Two days ago, I invested $10,000 of principal, went all-in with 10x leverage to aggressively long, and the market gave me an opportunity. My account skyrocketed to nearly $1 million. At this point, discussions in the crypto community were buzzing, and I felt like I was becoming a "legend."
But the turn of events came too quickly—market conditions didn't continue to favor me. A sharp correction exposed the true risks of leverage. When I checked my account this morning, I was shocked—within just a few hours, it had retraced 85%. The $1 million suddenly shrank to $150,000, and my account equity dropped to $173,000.
Here's the current position:
An ETH long position with 25x leverage, with a nominal value of $170 million, but an unrealized loss of $8,700, a 66% decline. This position is bleeding.

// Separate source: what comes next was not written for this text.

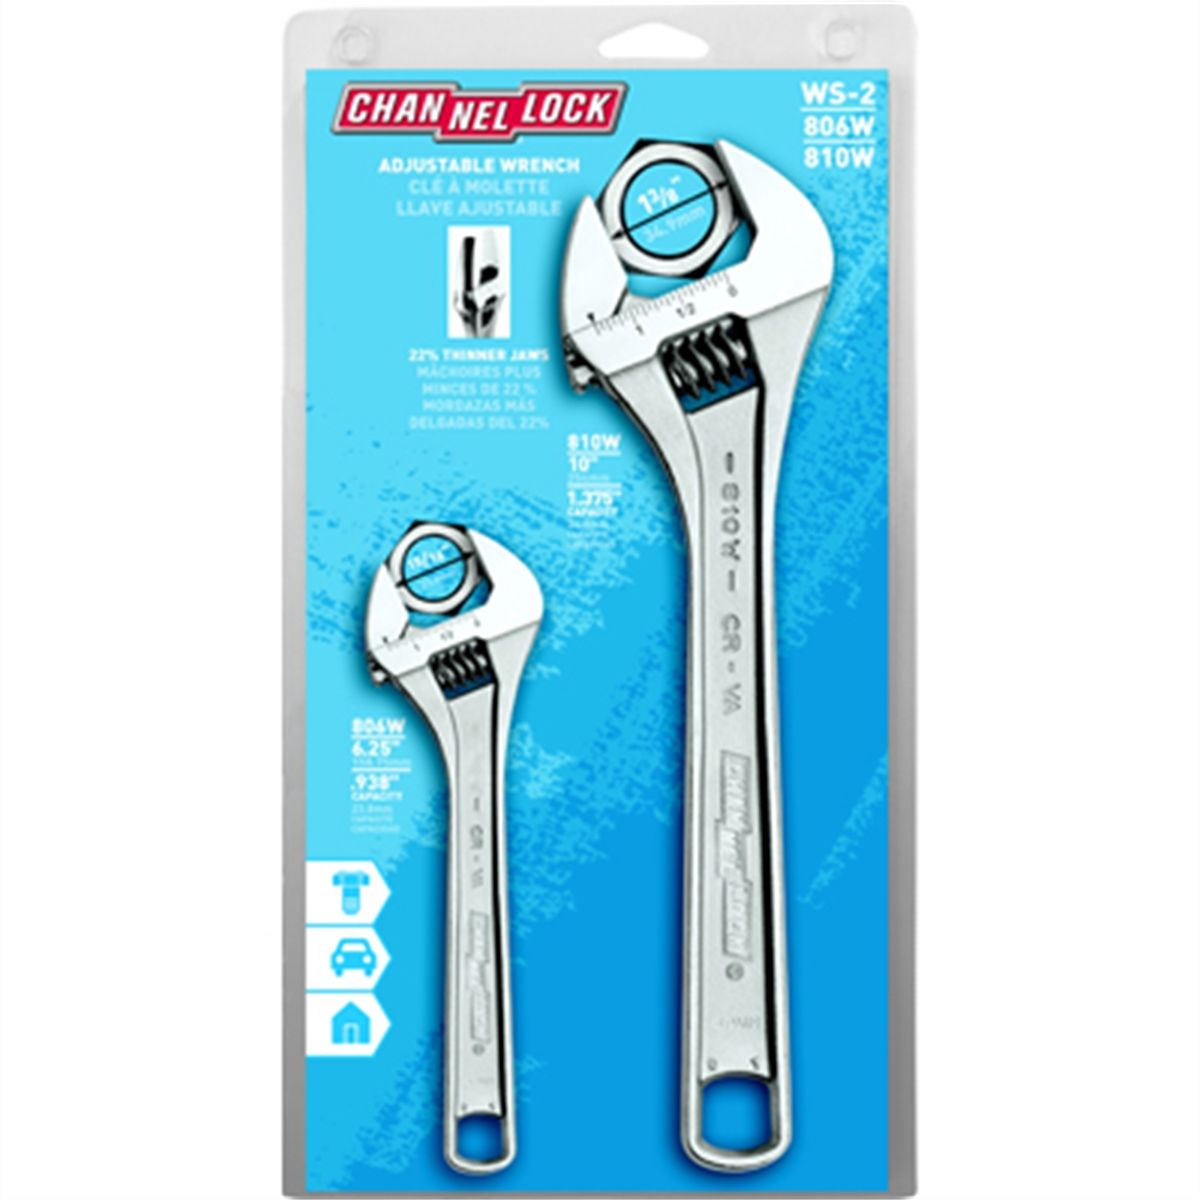 2 PIECE ADJUSTABLE WRENCH (6IN & 10IN)

A PEPE long position with 10x leverage, with a nominal value of $130 million, currently with an unrealized profit of $62,000, a 47% increase. This is the only position still in positive territory and barely holding on.
This is a textbook example of leveraged trading—when prices rise, profits shoot up like a rocket; when they fall, it’s like sliding down a slide, with every correction cutting into your position. No matter how much you’ve earned before, a systemic market reversal can wipe it all out.

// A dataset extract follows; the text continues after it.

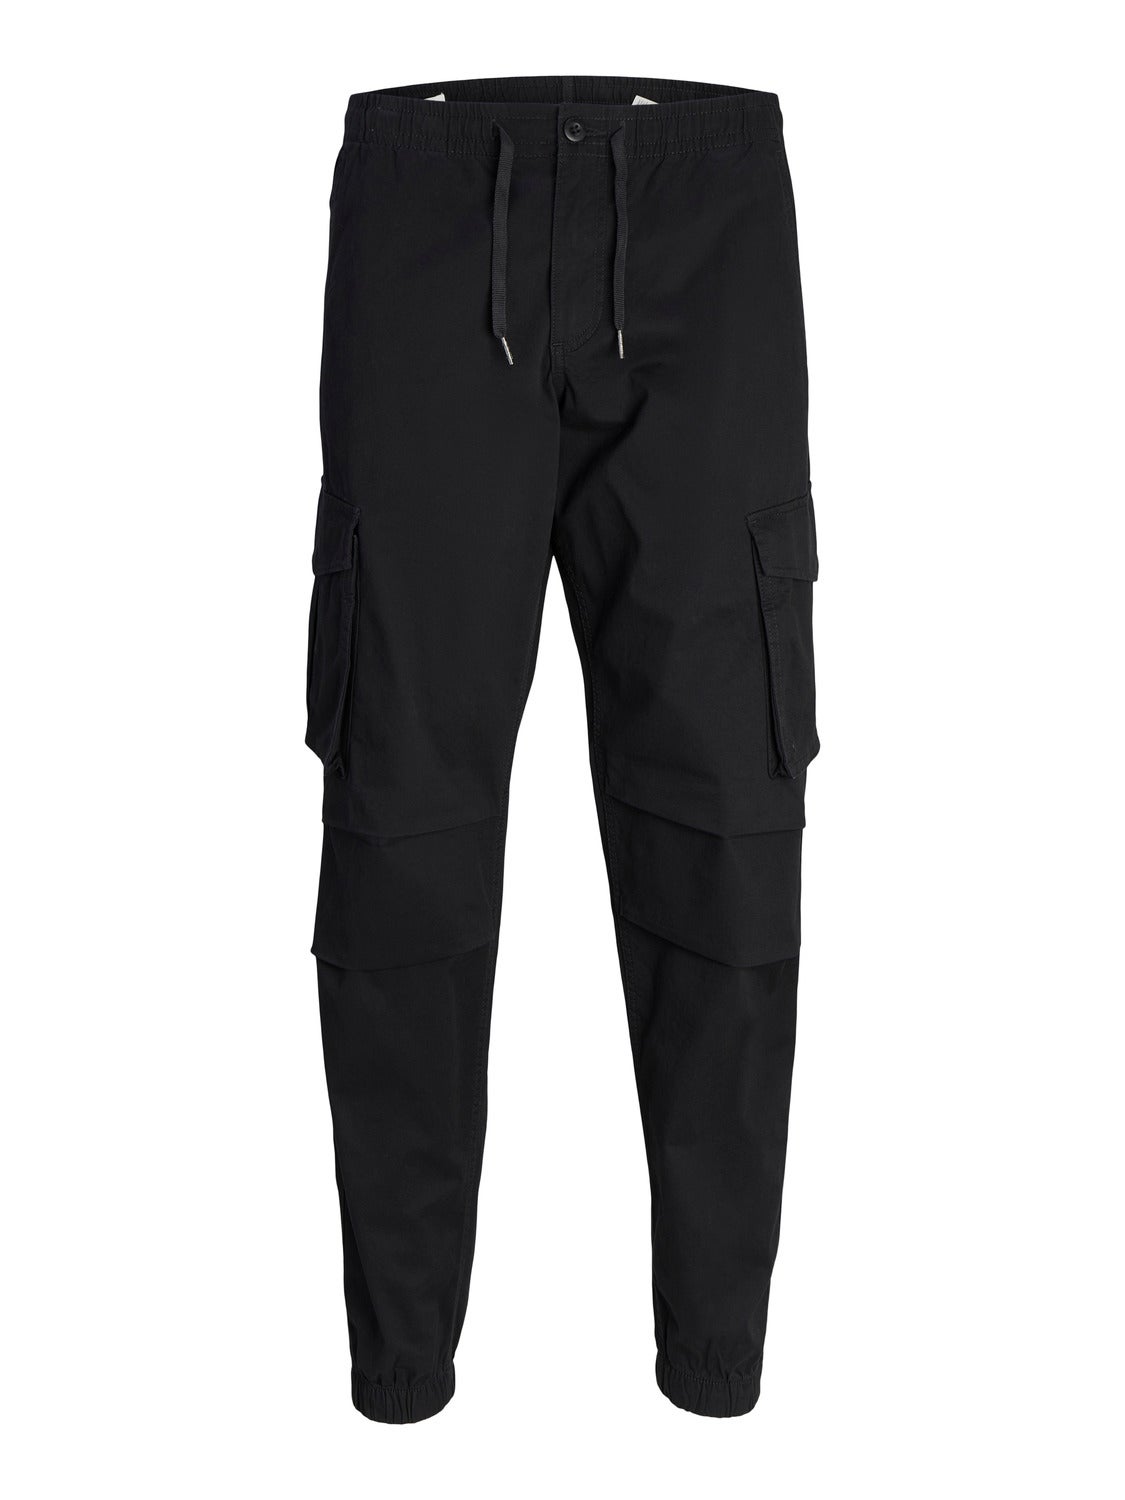 & | Cargo | Jones® Fit trousers Jack Relaxed Black

The deepest lesson I’ve learned is: leveraging to go long is indeed exciting, but the risks are enormous. Just one adverse market move can lead to a double loss—losing your principal and crushing your mental state. The importance of taking profits in stages cannot be overstated; waiting until the next time is a mistake.
To sum up, the old adage still holds: those who make quick gains often lose even faster. Being steady is the long-term strategy.